Uit voorzorg heb ik een extra paar dikke sokken meegenomen. Ik ben heel blij als de schoenenbewaarder mij een paar badsloffen te leen geeft.

Gelukkig valt de hoeveelheid ratten mee. Er loopt er niet één over mijn voeten en we moeten toegeven dat we ze eigenlijk best wel schattig vinden. Eric maakt met de GoPro camera leuke opnames van ratten die melk drinken uit een grote schaal.

Wie had dat ooit gedacht van deze antihelden als het gaat om spinnen, kakkerlakken, muizen en ratten.

Carla


Land van zand, forten en paleizen.

Rajasthan is droog en stoffig. Dankzij het Indira Gandhi kanaal is het nu mogelijk om ook in Rajasthan het een en ander te verbouwen, maar langs NH15 zien we vooral veel lage dorre bosjes. Toch laven we ons af en toe aan de schaduw van een rij bomen die langs de weg is geplant.

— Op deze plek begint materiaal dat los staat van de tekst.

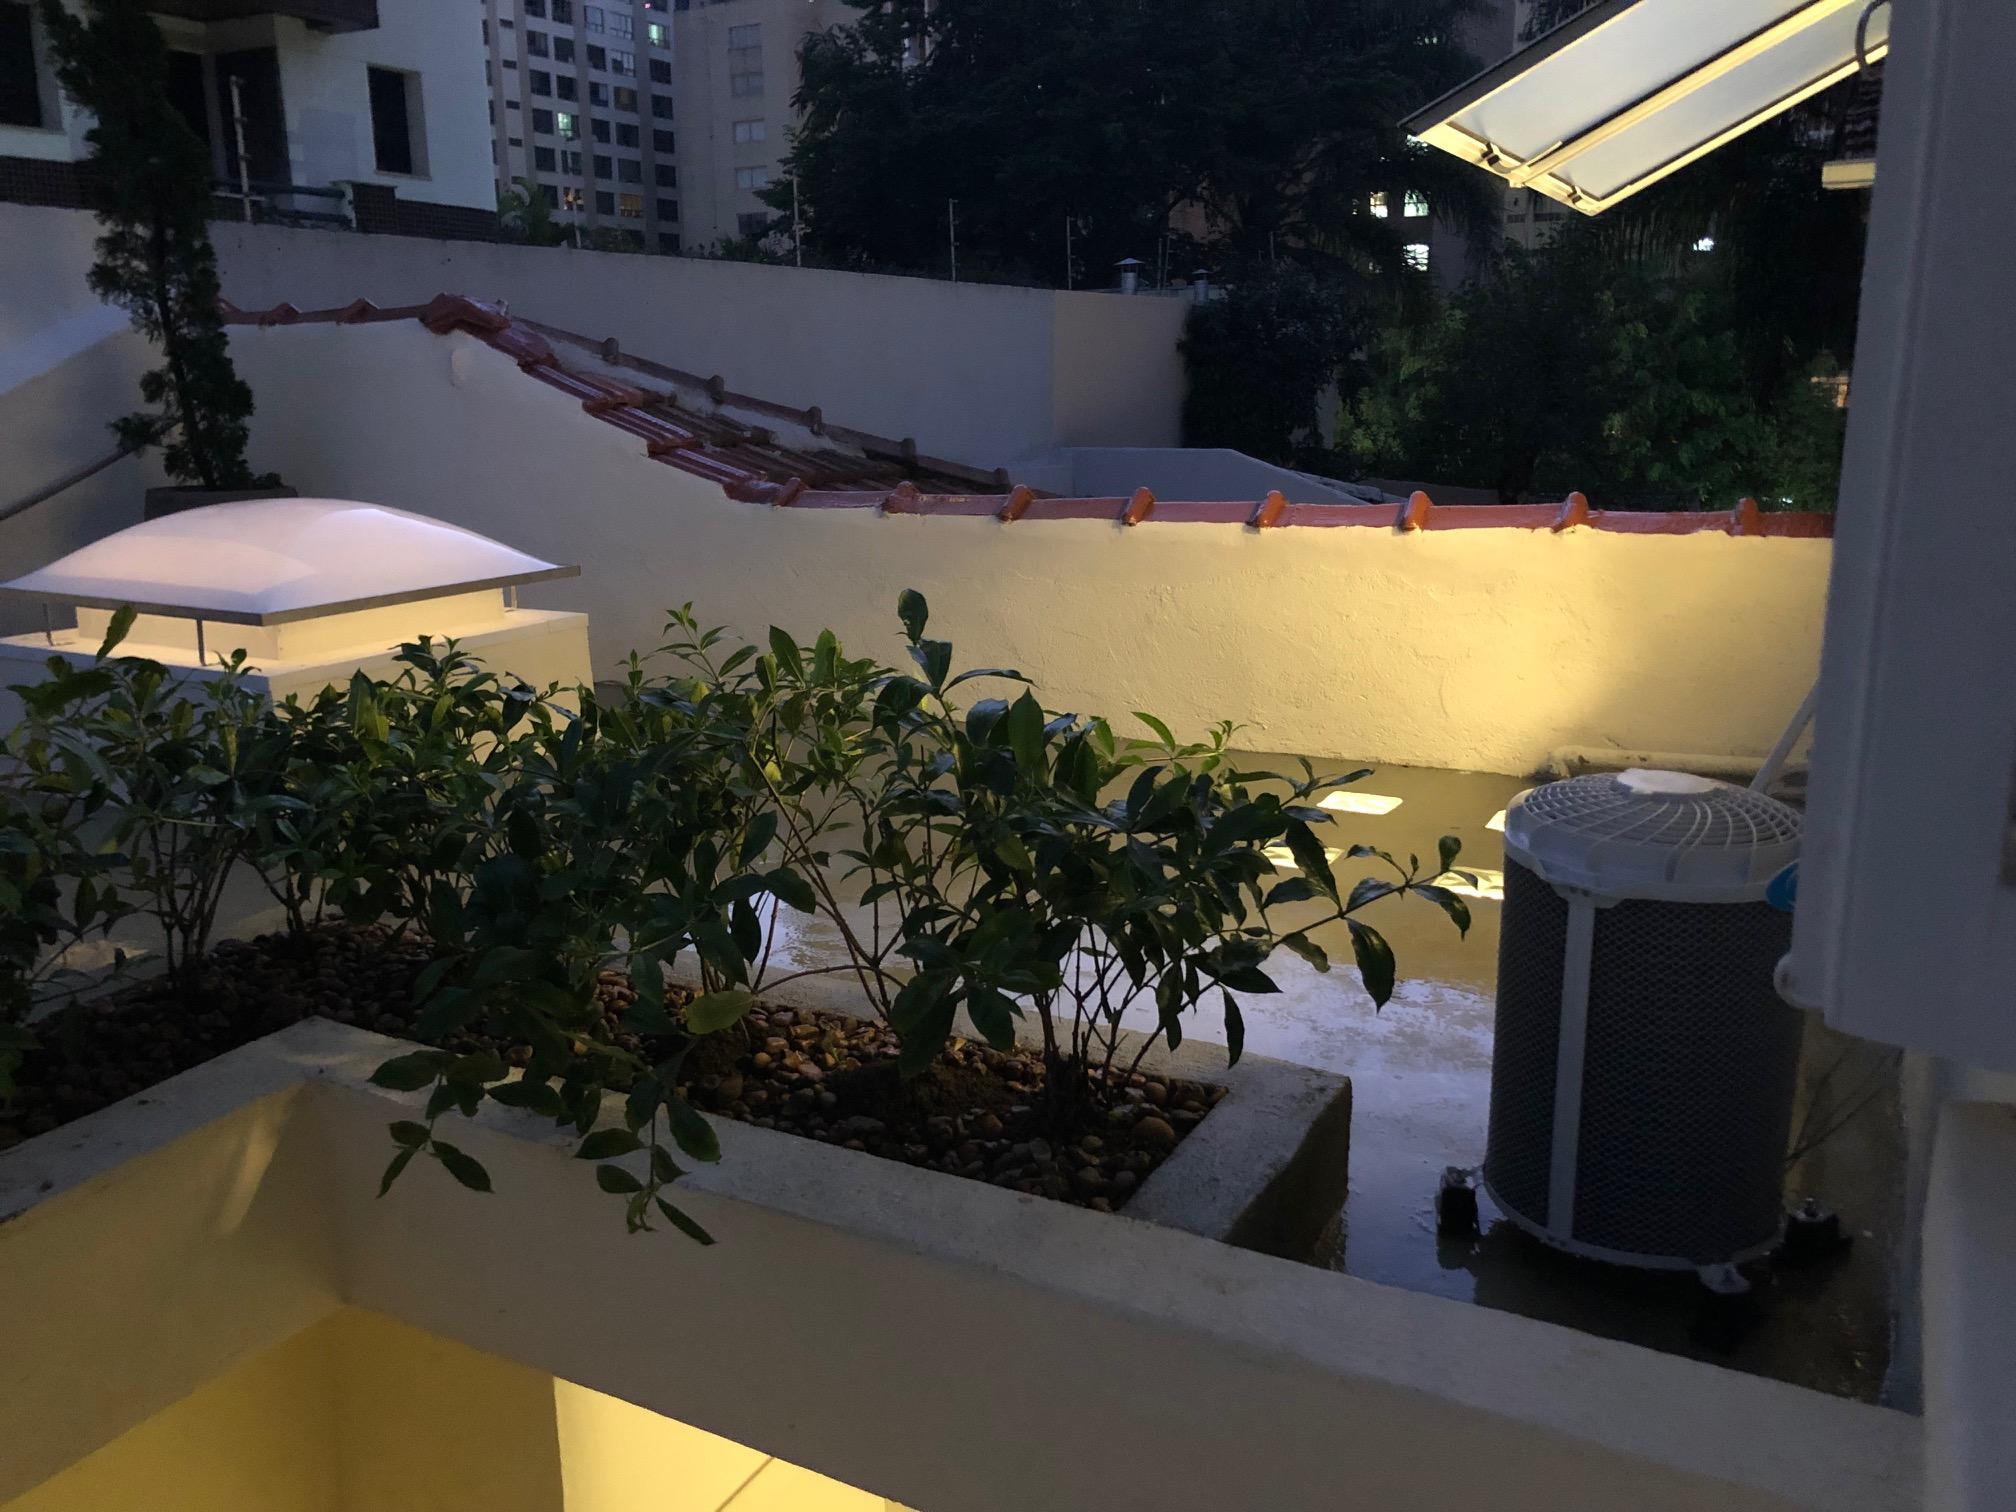 sala 5 - vista noturna.jpg

Rajasthan staat bekend om z’n prachtige maharadja paleizen en woestijnforten . We bezochten al een fort in Faridkot. Nog lang niet klaar voor openstelling voor publiek, maar toch indrukwekkend.

De eerste middag nadat we de grens Punjab-Rajasthan over zijn gegaan rijden we op de plaats Hanumangarh af. Opeens doemen uit het stof de contouren van een enorm zandkasteel op. Mijn mond valt letterlijk open van verbazing. Zoiets heb ik nog nooit van m’n leven gezien. Nadat ik gestopt ben om foto’s te maken zegt Eric:
“Ok, ben je klaar? Dan gaan we het fort in”.
Wow, ‘We gaan het fort in’. Zei hij dat echt? Eerst geloofde ik mijn ogen niet en nu geloof ik mijn oren niet.
Maar Eric krijgt gelijk: we kunnen het fort nog diezelfde middag in.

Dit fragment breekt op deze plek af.